▸ **Information supplied**
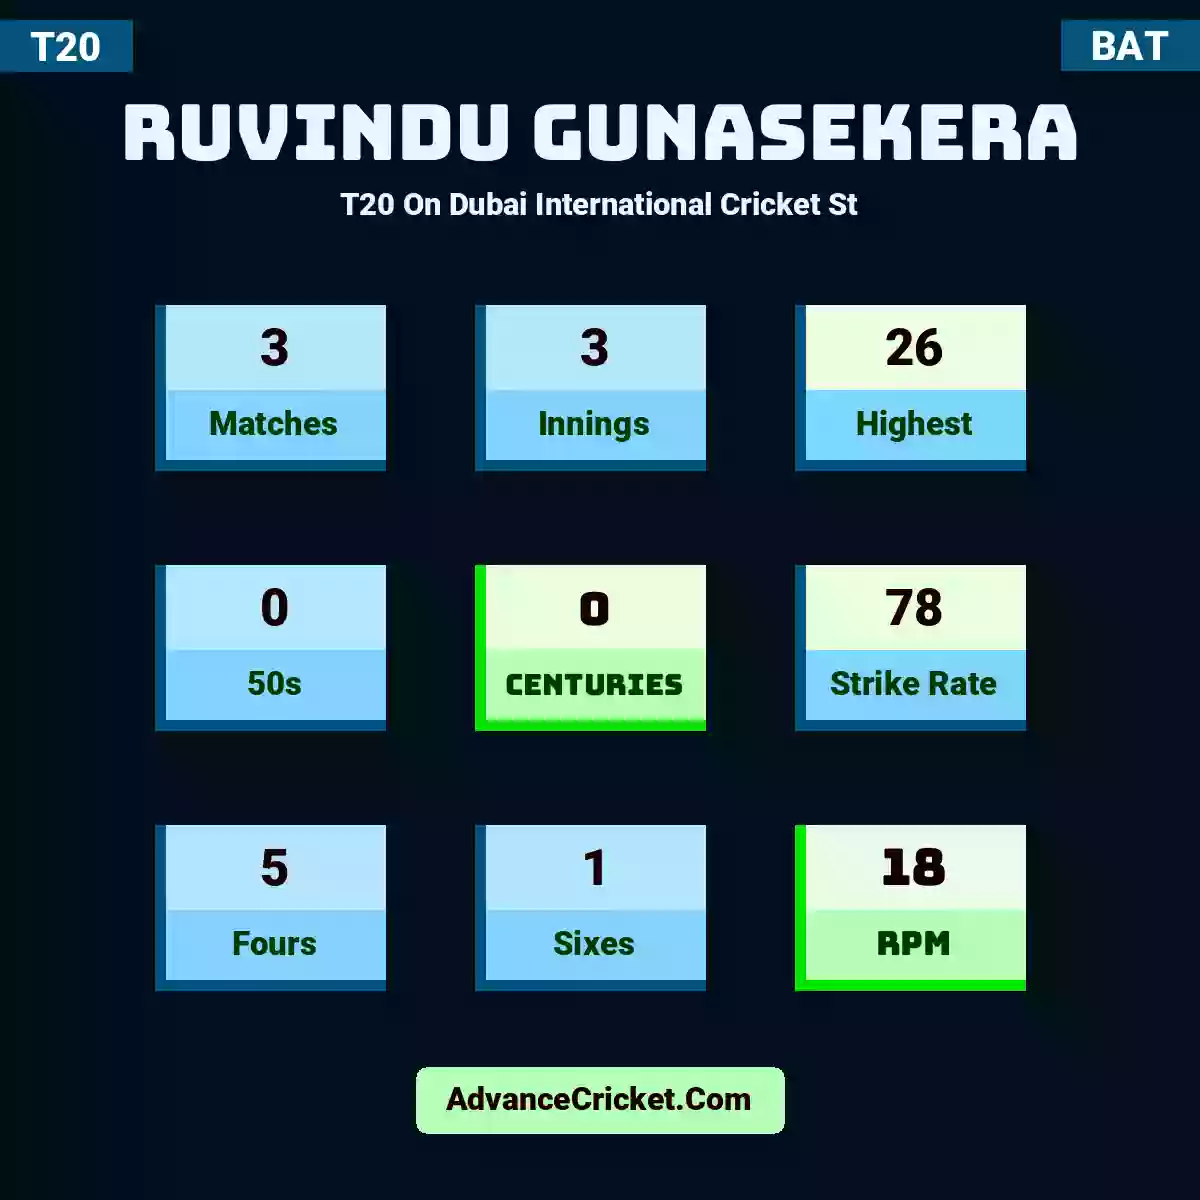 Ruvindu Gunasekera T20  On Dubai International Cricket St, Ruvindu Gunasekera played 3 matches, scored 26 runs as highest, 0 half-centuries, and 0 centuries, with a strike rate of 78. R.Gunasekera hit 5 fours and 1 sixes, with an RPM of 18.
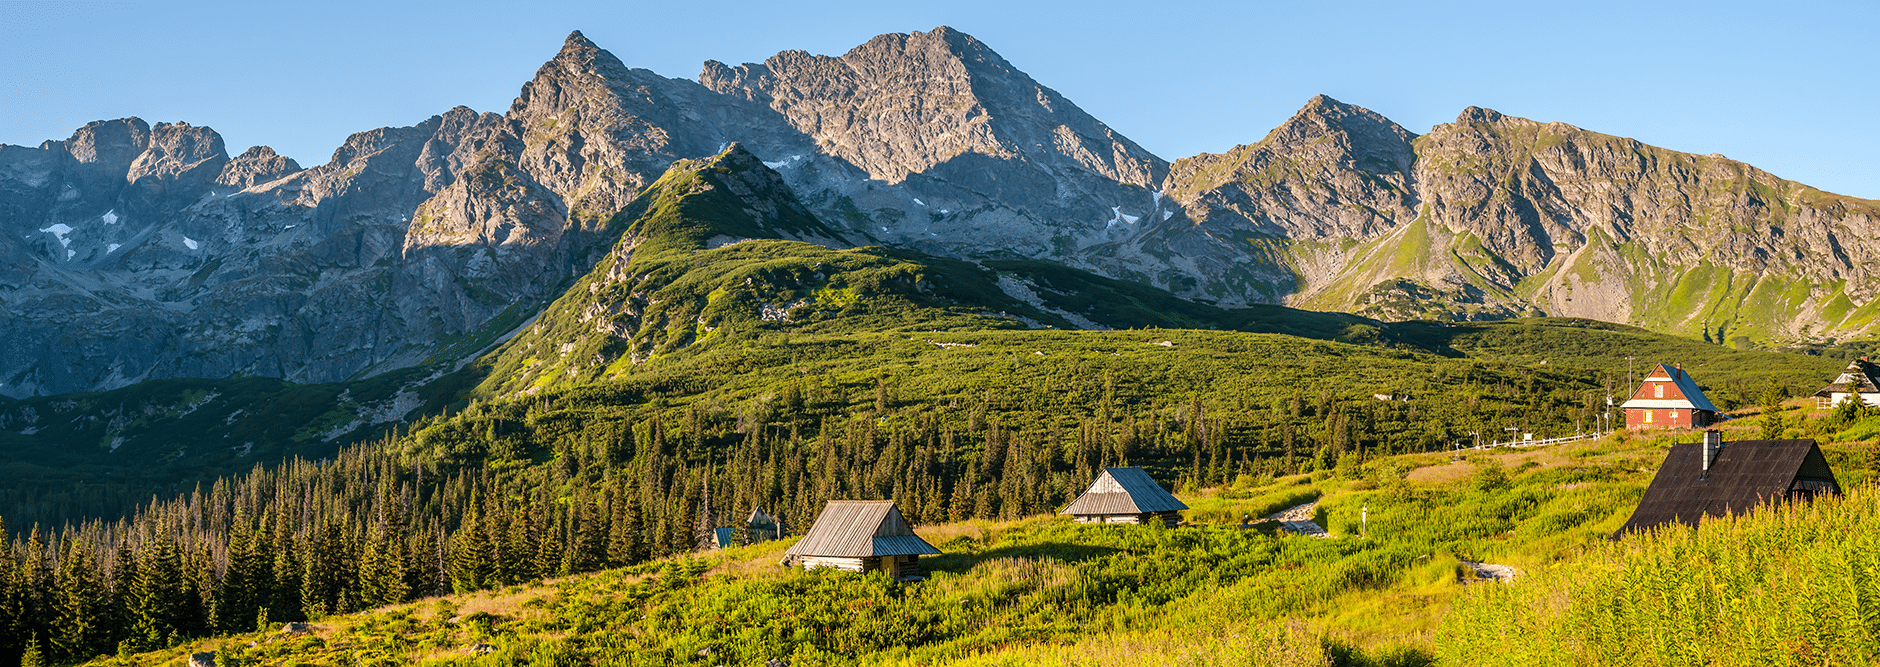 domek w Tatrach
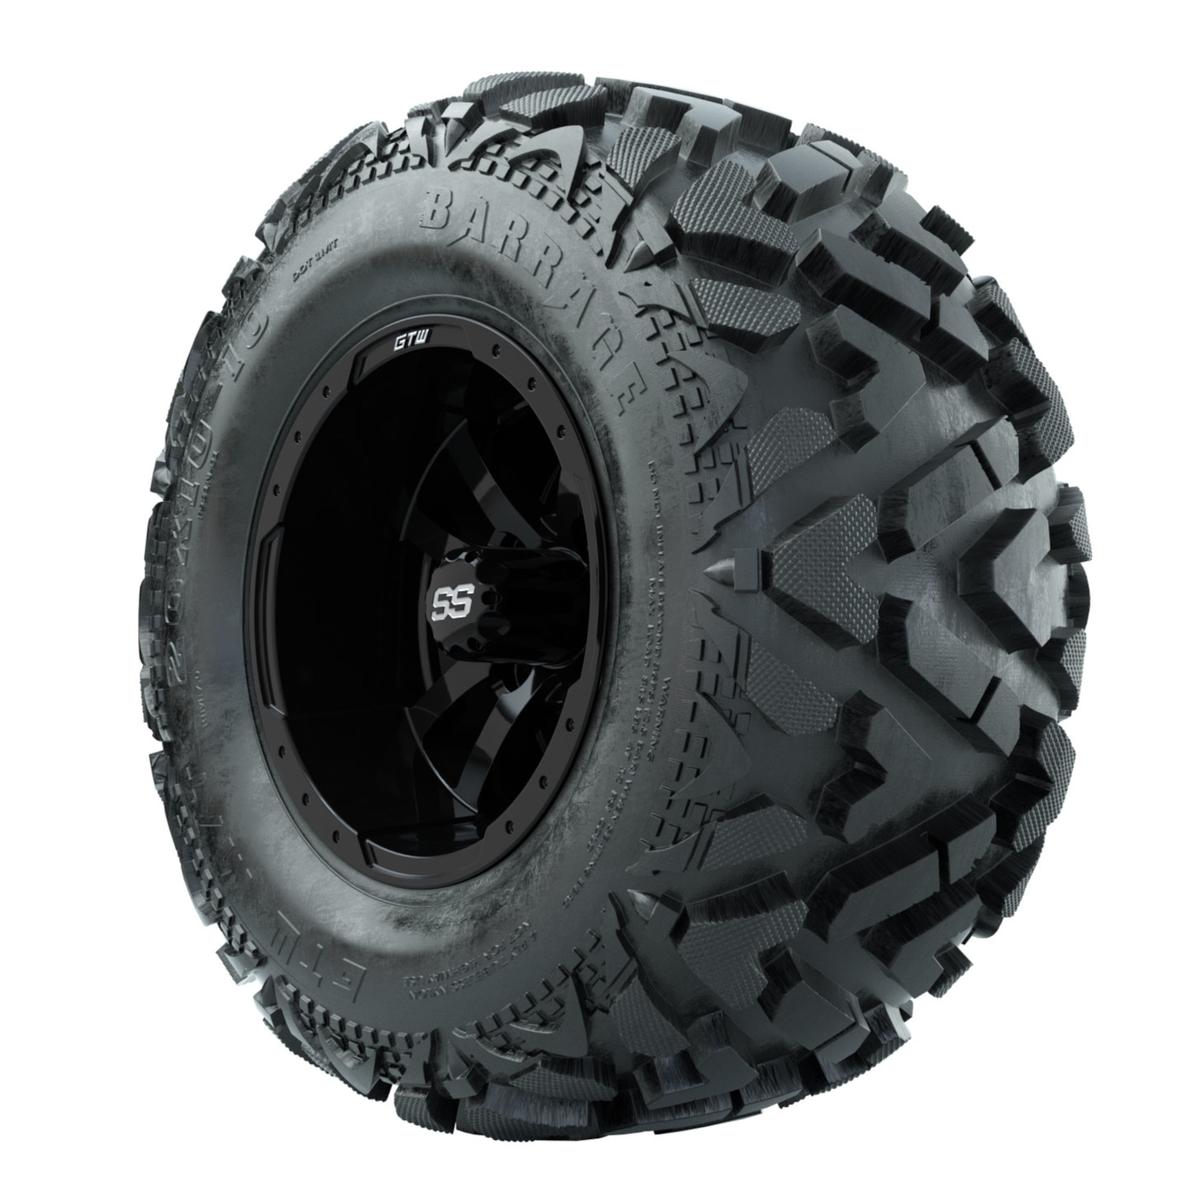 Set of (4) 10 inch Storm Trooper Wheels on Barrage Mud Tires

▸ **Required work**
Repeat the listing above exactly, omitting the pictures it contains.

▸ **Answer space**
 Ruvindu Gunasekera T20  On Dubai International Cricket St, Ruvindu Gunasekera played 3 matches, scored 26 runs as highest, 0 half-centuries, and 0 centuries, with a strike rate of 78. R.Gunasekera hit 5 fours and 1 sixes, with an RPM of 18.
 domek w Tatrach
 Set of (4) 10 inch Storm Trooper Wheels on Barrage Mud Tires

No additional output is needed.